16 August 2006
Emittance Simulations
Axel has calculated the bunch lengthening expected at 1.5-m for the ILC bunch (6.4 nC) as a function of cathode bias and initial bunch length. The conclusion is that 300 kV is needed to increase the frequency of SHB1, 500 kV to eliminate SHB1 altogether, and 700 kV to eliminate both SHBers.
There is another interesting question that can be answered by simulations. How much can the beam normalized transverse emittance be lowered by increasing the bias voltage? This involves at least the following:
1. What is the emittance out of the gun as a function of bias. The emittance increase of the gun is presumably due to the focusing effect of the Pierce lens.
2. Each of the bunchers (two SHBers, S-band buncher) have radial fields that increase the emittance. If we can decrease the required longitudinal bunching fields (by going to a higher bias and then using a shorter laser pulse), we would presumably decrease the emittance. Simulations should be able to tell us how much this decrease will be.

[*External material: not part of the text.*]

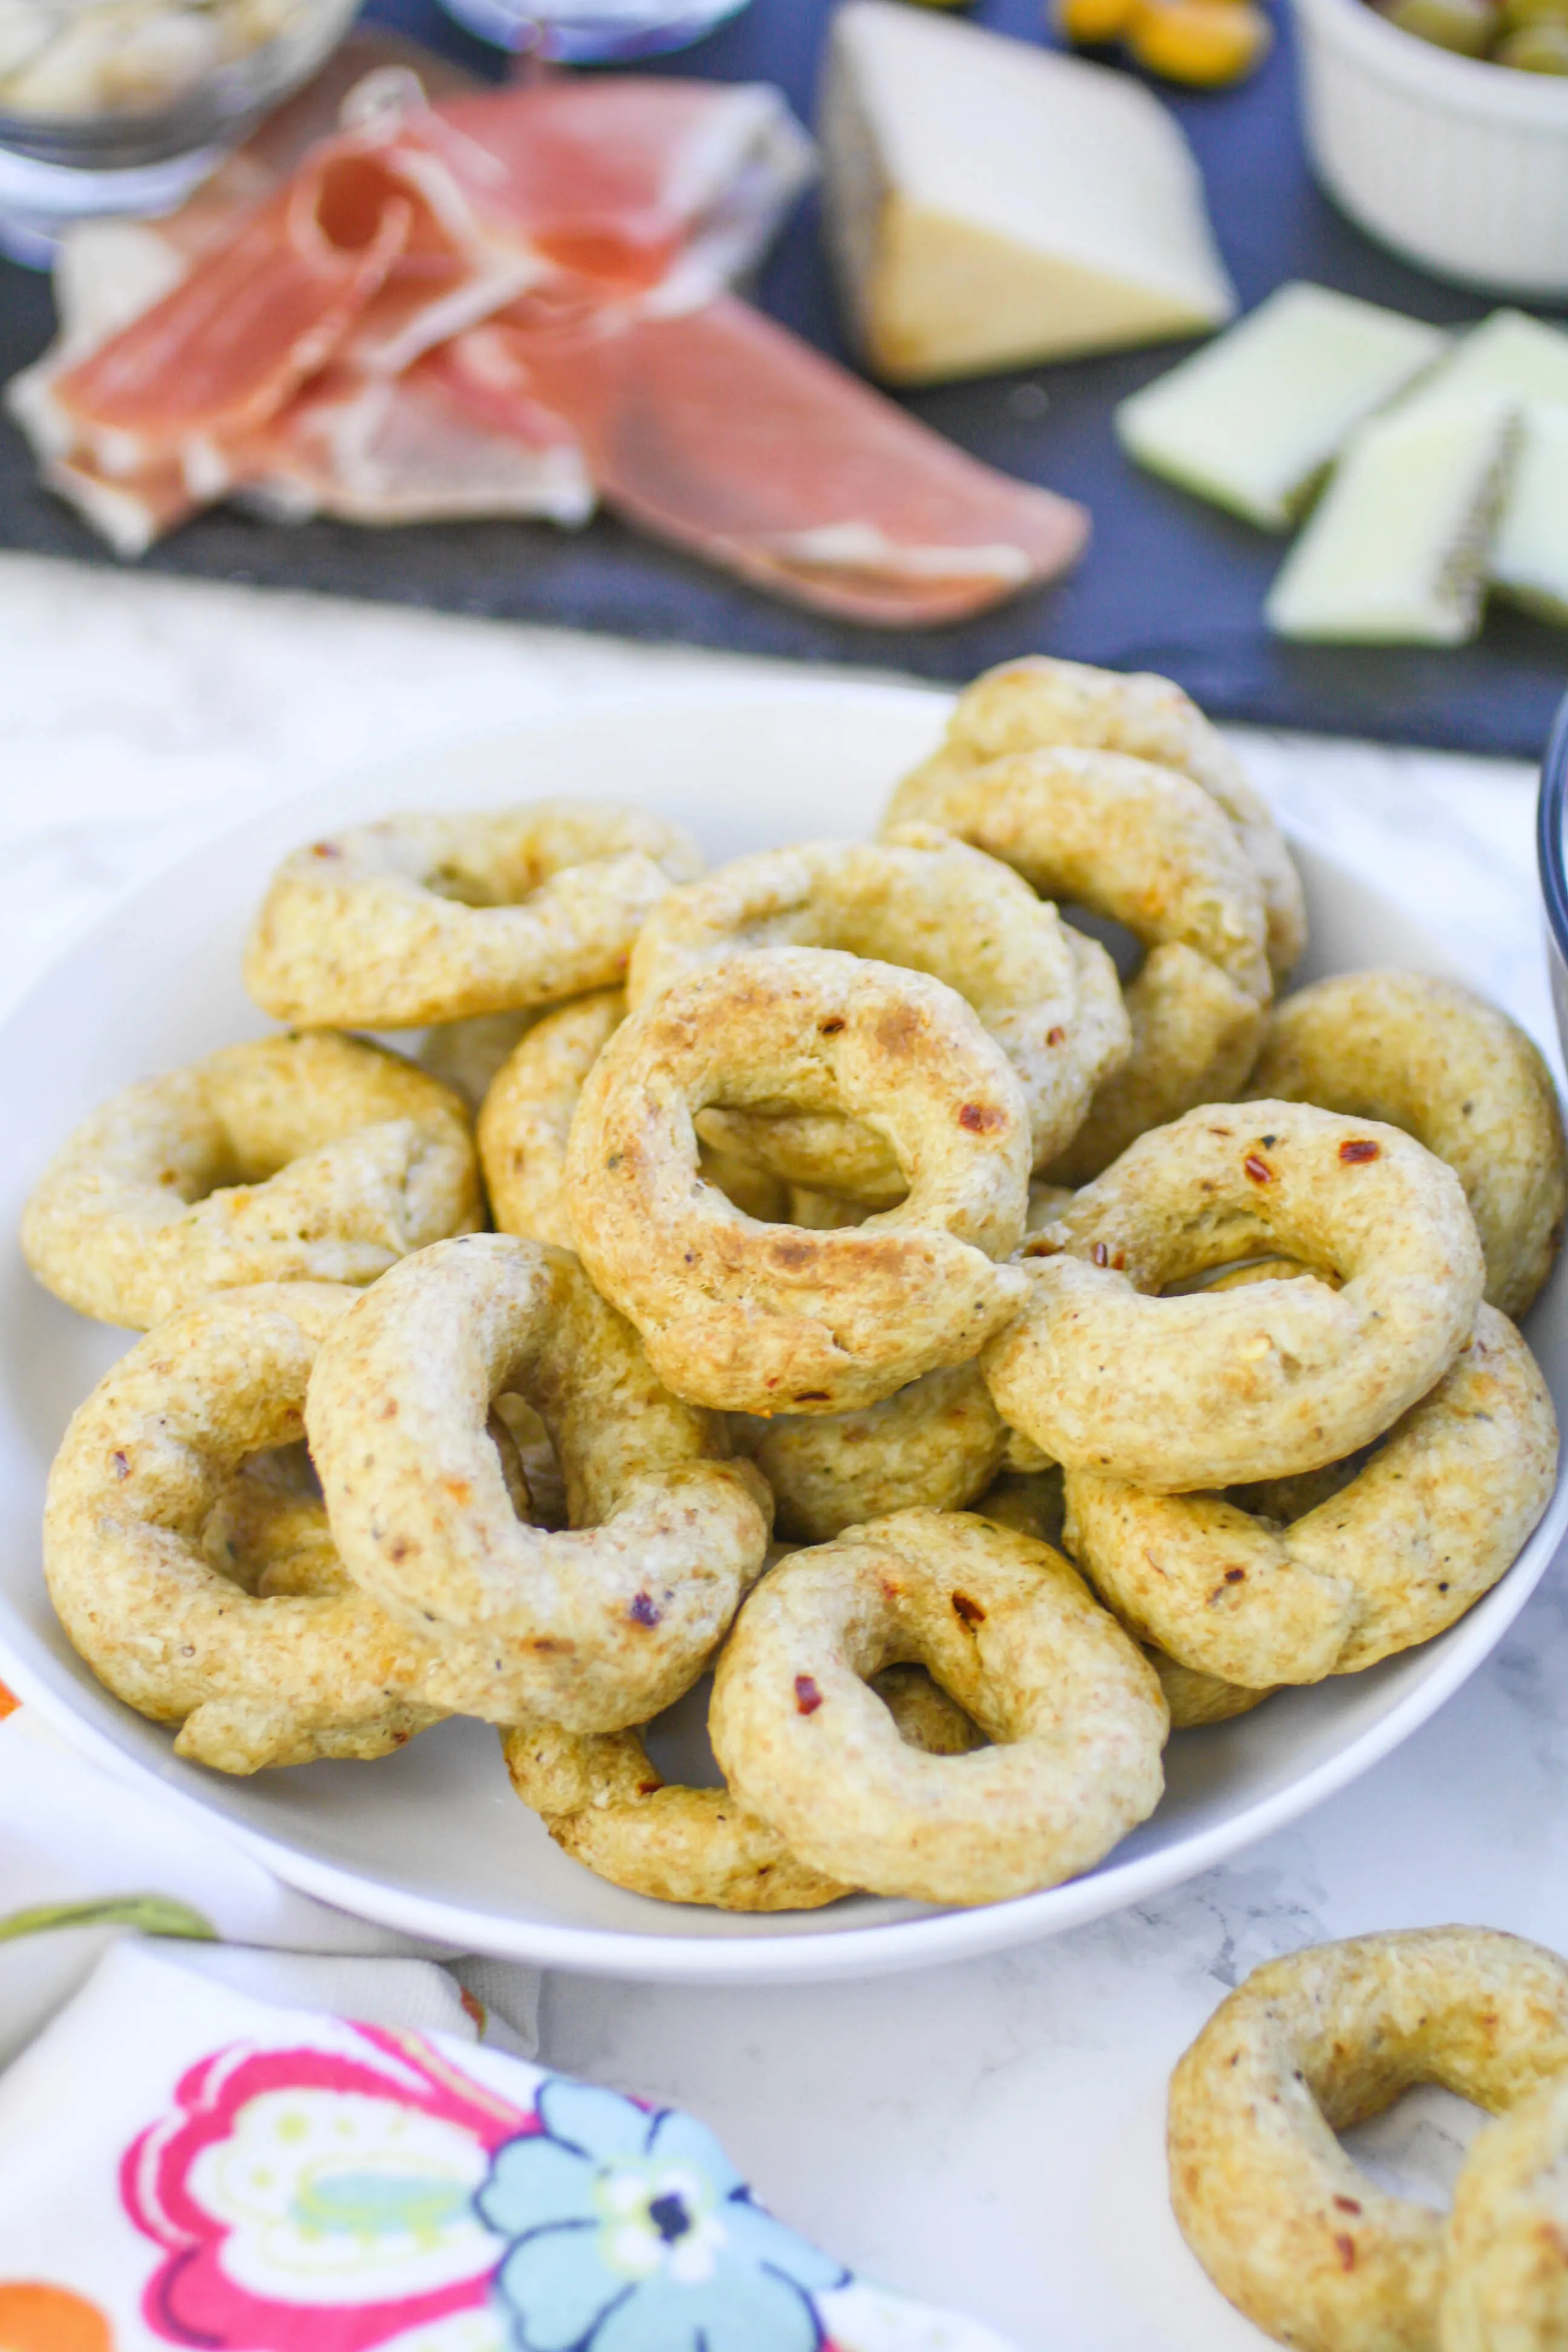 Red Pepper Italian Taralli (Breadstick Rings) make great snacks! Serve Red Pepper Italian Taralli (Breadstick Rings) with salad, antipasto, or on their own! You'll enjoy these Red Pepper Italian Taralli (Breadstick Rings) snacks.

Actually a lot of these issues are discussed in Mary James' thesis: SLAC-319 (1987), especially in Section 2.4, "Radial Dynamics." For the SLC injector, she calculates a normalized rms emittance at 30 MeV of 2.5x10^-4 m compared to a measured value of 1.5x10^-4 m. She also estimates an emittance right out of the gun of 3x10^-5 m, probably also pessimistic. Probably she assumed the bias was 150 kV. Also note that the cathode radius for the SLC gun at the time of James' thesis was 0.7 cm.
Since there have been advances in overcoming the surface charge limit (SCL), it is possible now to also consider reducing the laser radius at the cathode. This will decrease the bunch emittance (varies linearly with the radius). The trade off between such parameters as radius and bias for minimizing the bunch emittance is studied for a cw beam (thus much lower charge per bunch) by Bazarov et al. [The initial study was I.V. Bazarov et al., PAC2003, p. 2062; a more thorough study using "multiobjective evolutionary algorithms" is in I.V. Bazarov and C.K. Sinclair, PRST-AB 8, 034202 (2005).] We could do a simpler study varying only a couple parameters, including bias and radius.

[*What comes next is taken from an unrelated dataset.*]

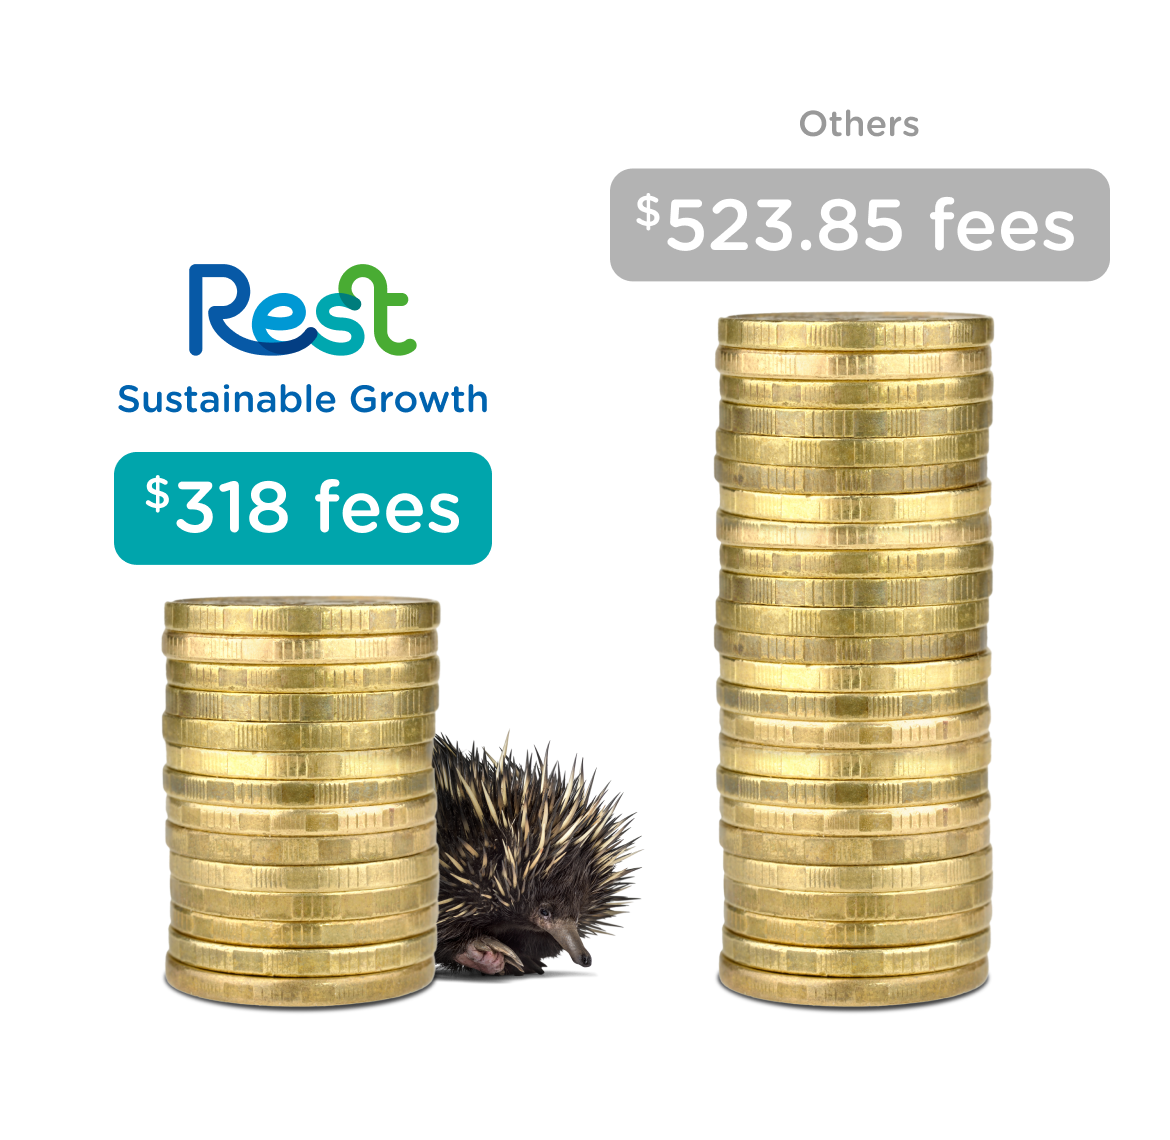 Our Sustainable Growth option has 38%* lower fees  compared with the average ethical super option.

Emittance Compensation with a DC Gun (and other topics)
1. Motivation for low emittance beams. Colliders or low DF pulsed accelerators in general have not usually paid much attention to achieving the lowest possible emittance. For ILC, lower emittance has a number of benefits, especially lower lossses upstream of the DR, which in turn will reduce undesirable radiation effects.
2. A simple goal is to preserve the normalized emittance of the photogun, which is about 10-5 m. With a bias voltage of 120 kV, the present ILC design uses 2 SHBers and an S-band buncher. The bunchers increase the emittance to about 10-4 m. At 500(700) kV, 1(both) SHBers could be eliminated. A more reasonable goal of 300 kV [a guess] would allow both SHBers to operate so that the nonlinear terms in the bunching forces will be lower. Will this be low enough to be able to effectively use emittance compensation?

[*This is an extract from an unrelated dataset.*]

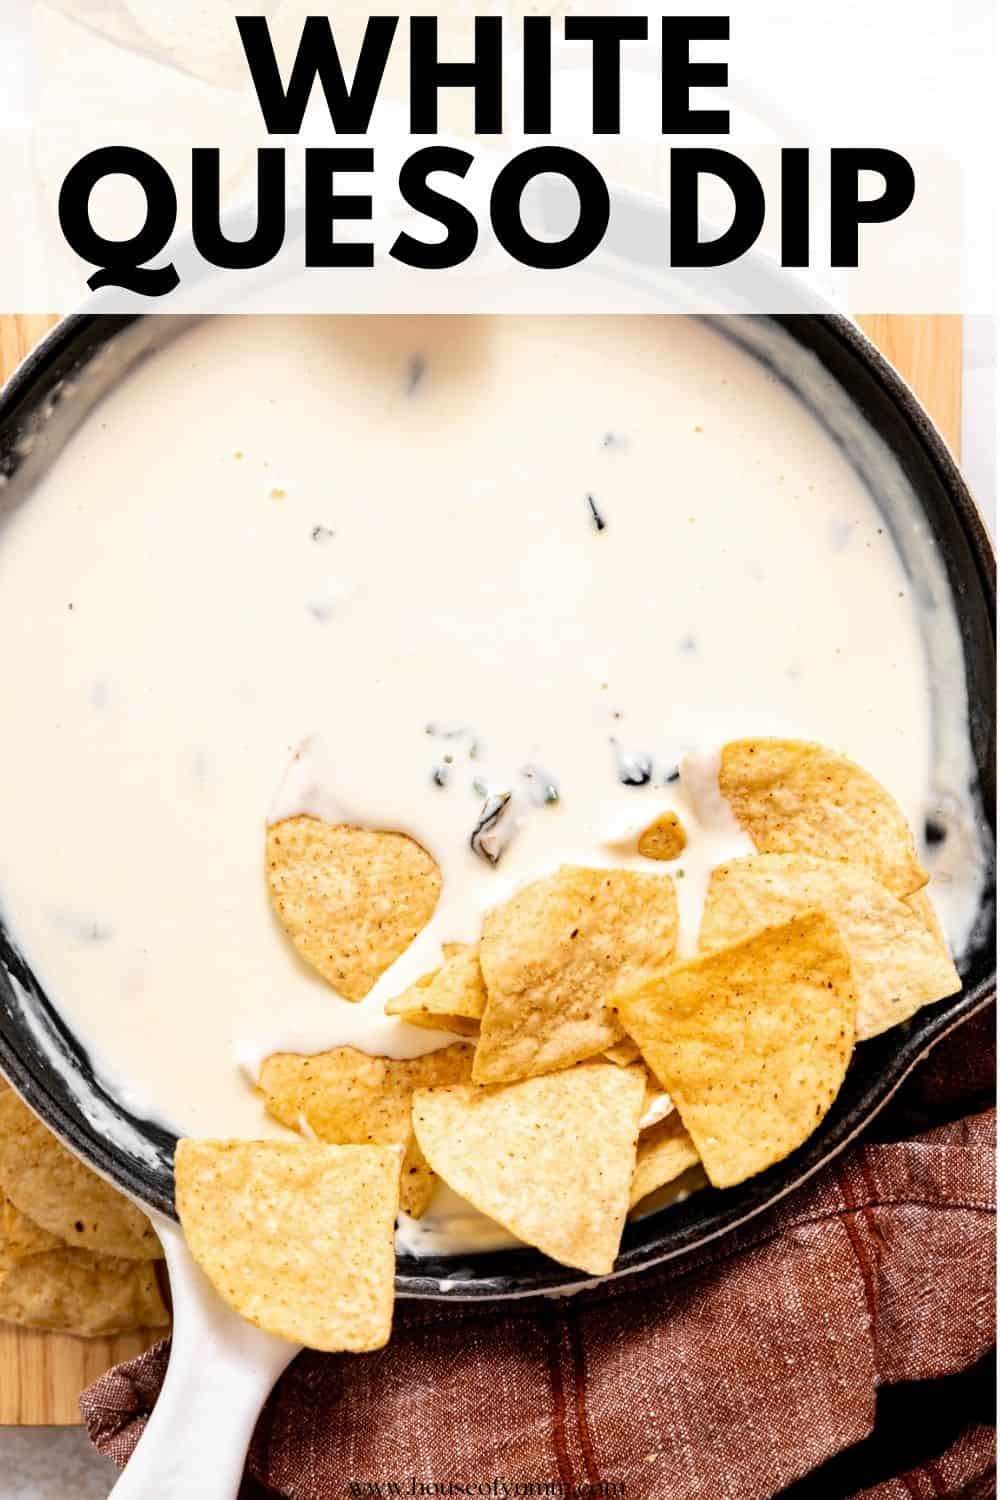 White queso dip with text.

3. B. Yunn (PAC01, p. 2254) has claimed that the emittance compensation scheme used for rf guns will work for dc guns if the bunching process is linear. In his paper, he quotes the results of studies of various cw injector designs with emittance compensation, but doesn't actually give any details of the designs other than to bunch early and then accelerate. He states that in some cases the final emittance is lower than out of the gun [this implies that there is a significant correlated emittance at the gun exit] while reducing the bunch length by a factor of 10! But note that Yunn is always working with cw (i.e., high DF) designs, which implies low charge density and thus relatively weak bunching forces.
Apparently Sinclair expects to use emittance compensation at Cornell with his ultra-HV gun, but again his application is a cw injector.
4. Finally of course there are rf guns, which have the advantage of exiting the gun at high energy and already bunched and also with most of the emittance energy-correlated.
J. Clendenin